How can you give reasons to a Valorant player to come back tomorrow and not take a look at the new competition title? Tell us about loyalty
For us, we always keep two things in mind. The first is that it obviously takes a lot of dedication to be able to master the game. That is, you can play Valorant a lot, but you should feel that you are improving over time. That is important, that you feel that there is a progression; It is somewhat satisfying on an individual basis. In turn, add new content that makes you feel like a novel again and want to repeat that process. Above all, keep it enjoyable and deep in the face of any type of addition. Despite any change, it must remain addictive, challenging. On the other hand, we want to make sure we add new experiences beyond saying, “I’m going to sit down and play forty minutes.” If you have only ten minutes and you don’t want to compete, we want to give you reasons so that you can enjoy multiple ways, not just one.
In a genre like this, where there are other video games that have done so well in the past, what have you learned from them? Is there a specific title that you consider a reference in management and debugging?
There is a lot to learn from those titles that are currently up. League of Legends, Overwatch, Counter-Strike … They are all great games and great successes. All of them are an inspiration to provide new opportunities in our project. It is definitely very important to observe what others do in different settings. Everything that others do well is a good indicator of what we can learn in order to integrate elements into our title. What can we do differently? What have they done well? We think about it to map out our strategy; All that information is really useful.
Regarding your specific role in Valorant, what are the main difficulties you usually encounter when designing some aspect of the game?
I think the biggest challenge by far is combining tactical gunplay with the skills each agent has. Always trying to keep balance in those two aspects is the most difficult. Being able to understand how the impact of each skill affects the impact of each bullet is challenging. That forces us to constantly think about how and in what way we will add new weapons and how they will be integrated into each part of the map. We have to think if each addition is going to be tactical enough and if it can break the balance in the game. When we do, it is really satisfying, I have to say.
It is striking that Valorant has really modest requirements. It can be run on virtually any PC. You have stated that this is deliberate, why is it so important for you to put greater access to technical ambition?

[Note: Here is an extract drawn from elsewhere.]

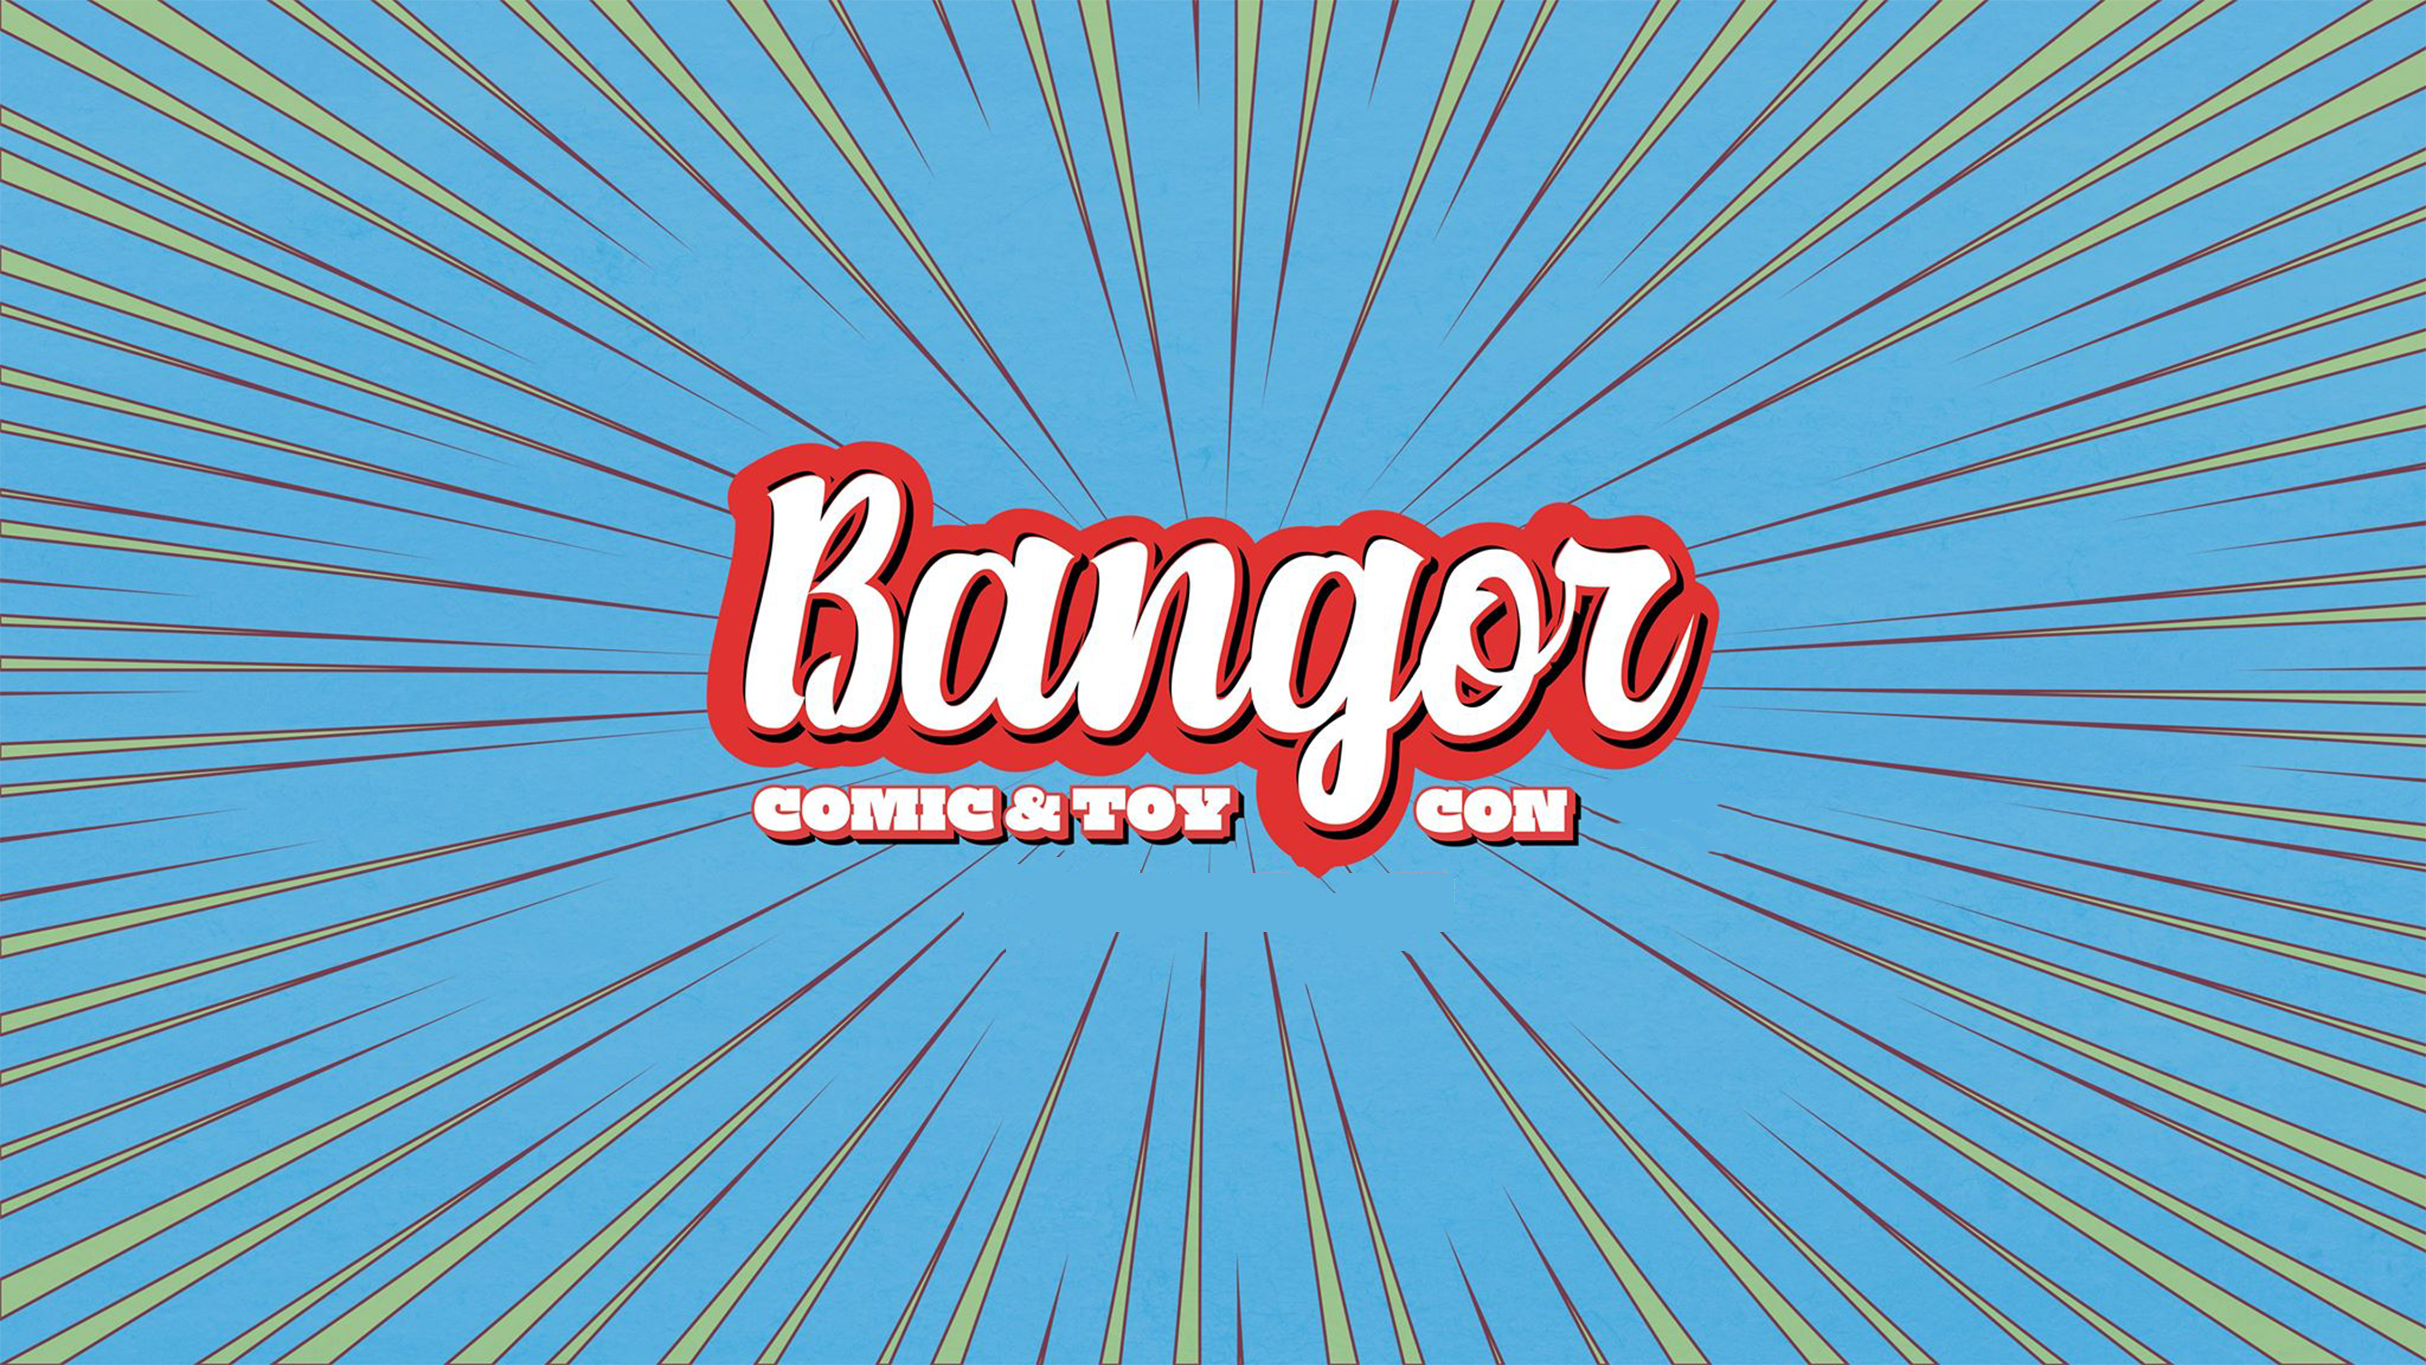 Bangor Comic and Toy Con - Sunday (10:00 AM - 5:00 PM)
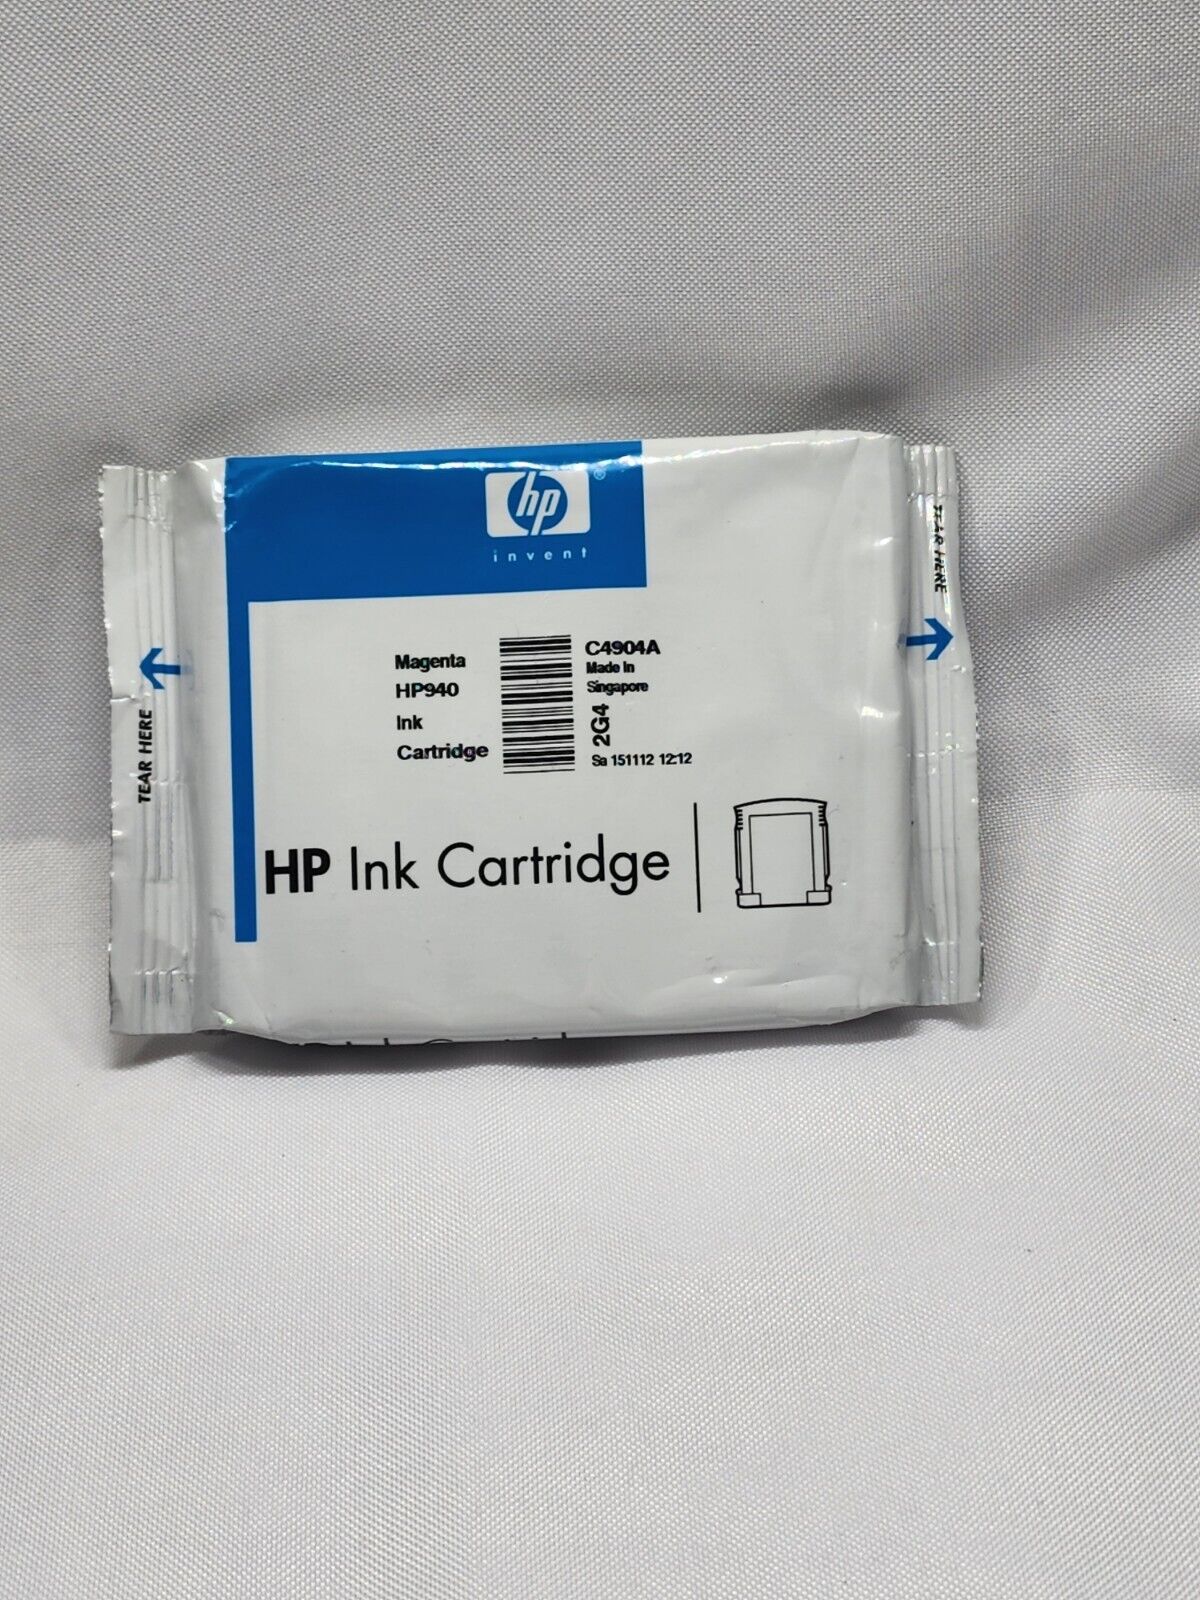 HP 940 Magenta C4904A Officejet Pro Ink Cartridge SEALED FREE FAST SHIPPING

We want to make sure that regardless of where you are and the PC you have, you can play. That you do not need a super computer, that you can join a game even if you are with the computer in a cafeteria. Similarly, if you have a large computer, you can play comfortably. We wanted all options to be equally compatible. Apart from that, we firmly believe that there is something really important: you have to play with a high framerate. The higher the FPS rate, the better the sensations at the controls. It will be more cohesive. If the game can run even on a weak computer, and thus we guarantee that the FPS rate is up to par, much better for everyone. And if you have a high-end computer you can even play at 300-odd frames. We believe this is critical to the future success of the game.